BEGIN MATERIAL PROVIDED

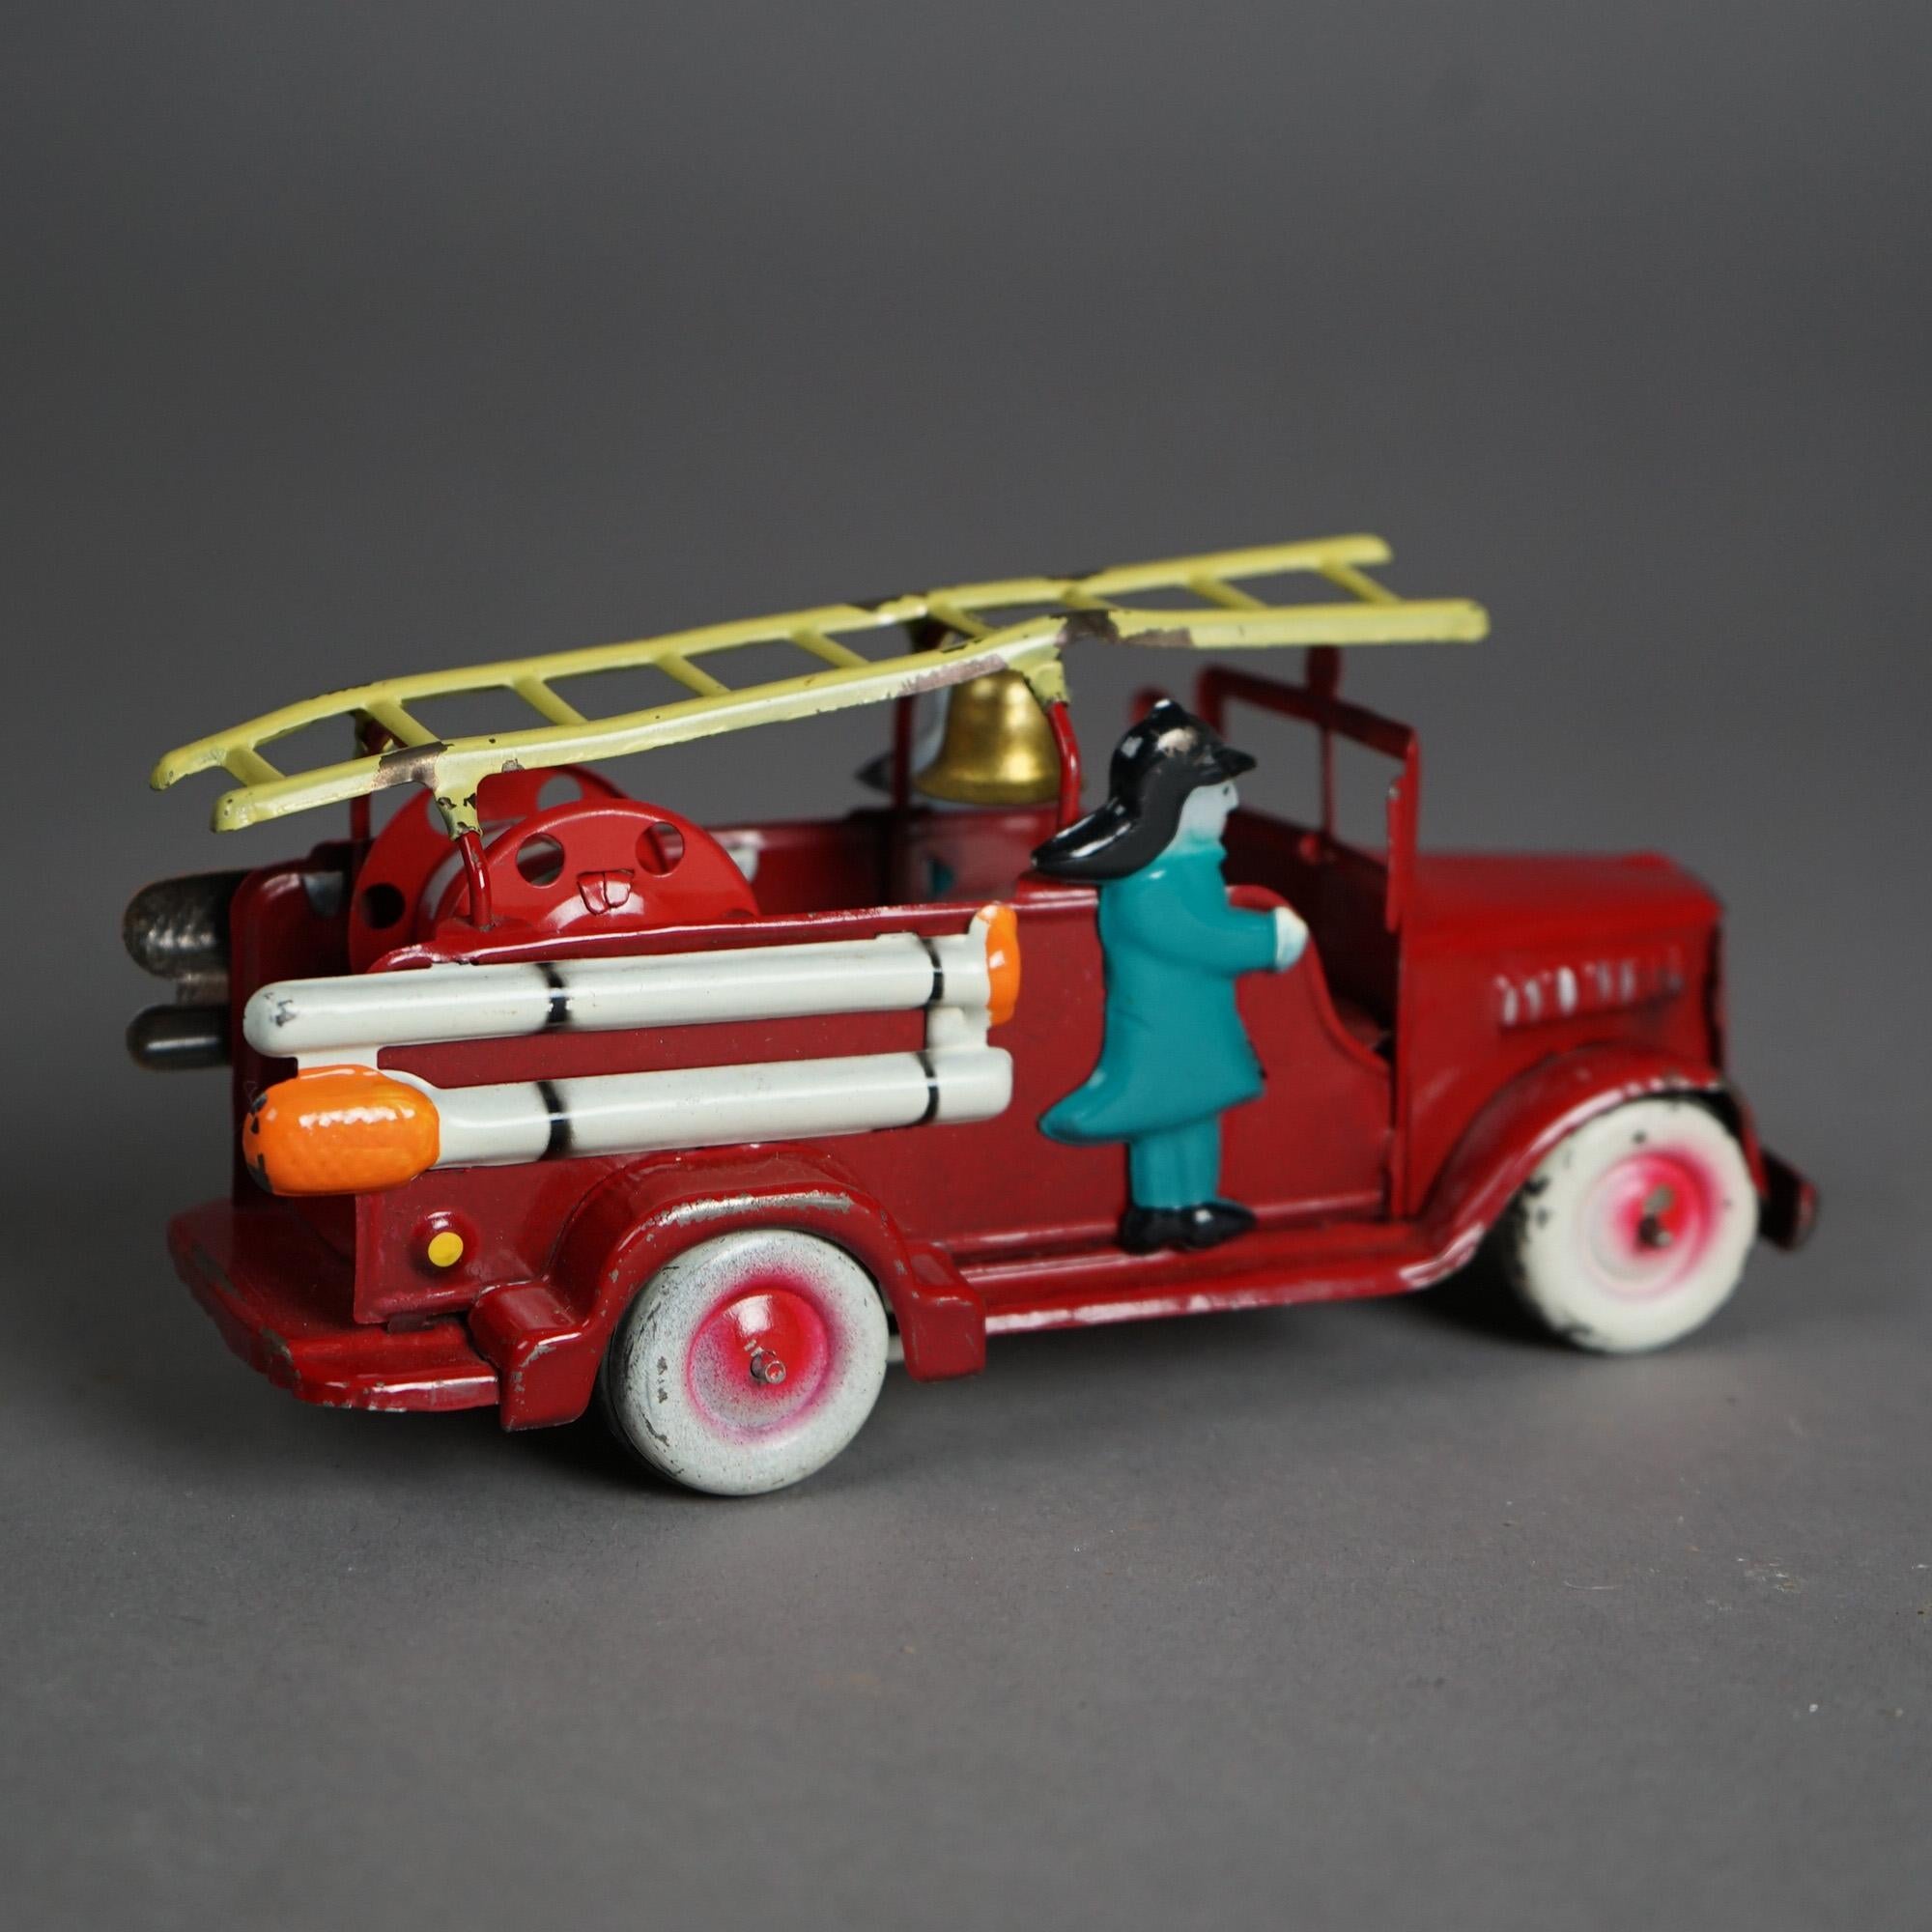 Japanese Tin Litho Toy Fire Engine In The Original Box by KAT, Circa 1950

Measures - 3
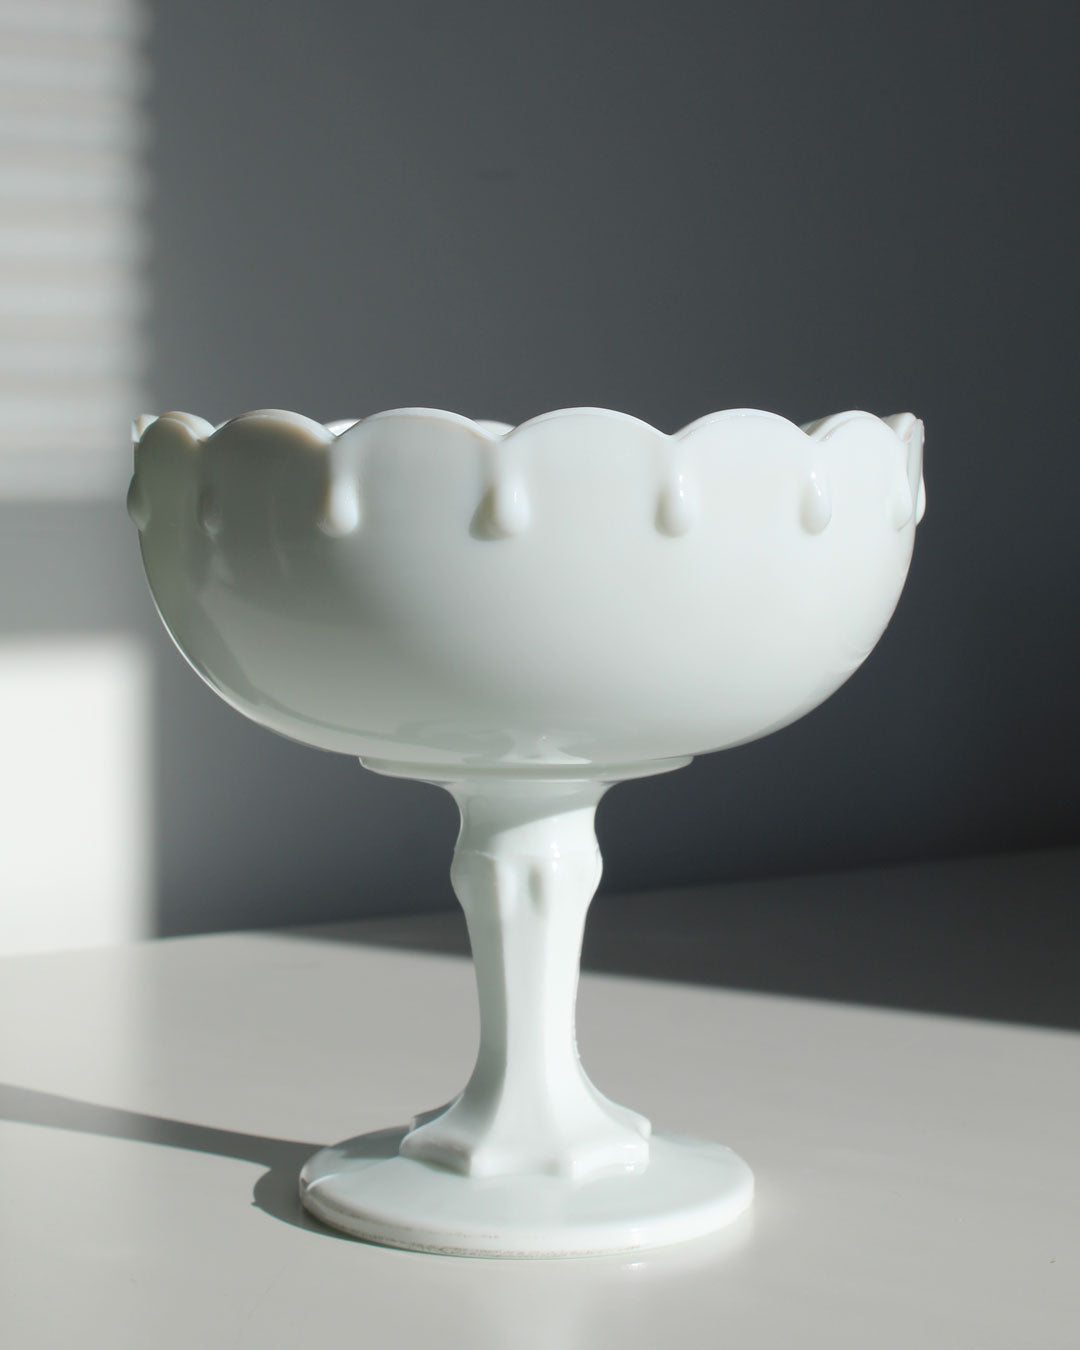 Vintage Milk Glass Candy Dish available at Lahn.shop

END MATERIAL PROVIDED

Where the material above includes pictures, omit them and retype everything else exactly.

RESPONSE AREA
 Japanese Tin Litho Toy Fire Engine In The Original Box by KAT, Circa 1950

Measures - 3
 Vintage Milk Glass Candy Dish available at Lahn.shop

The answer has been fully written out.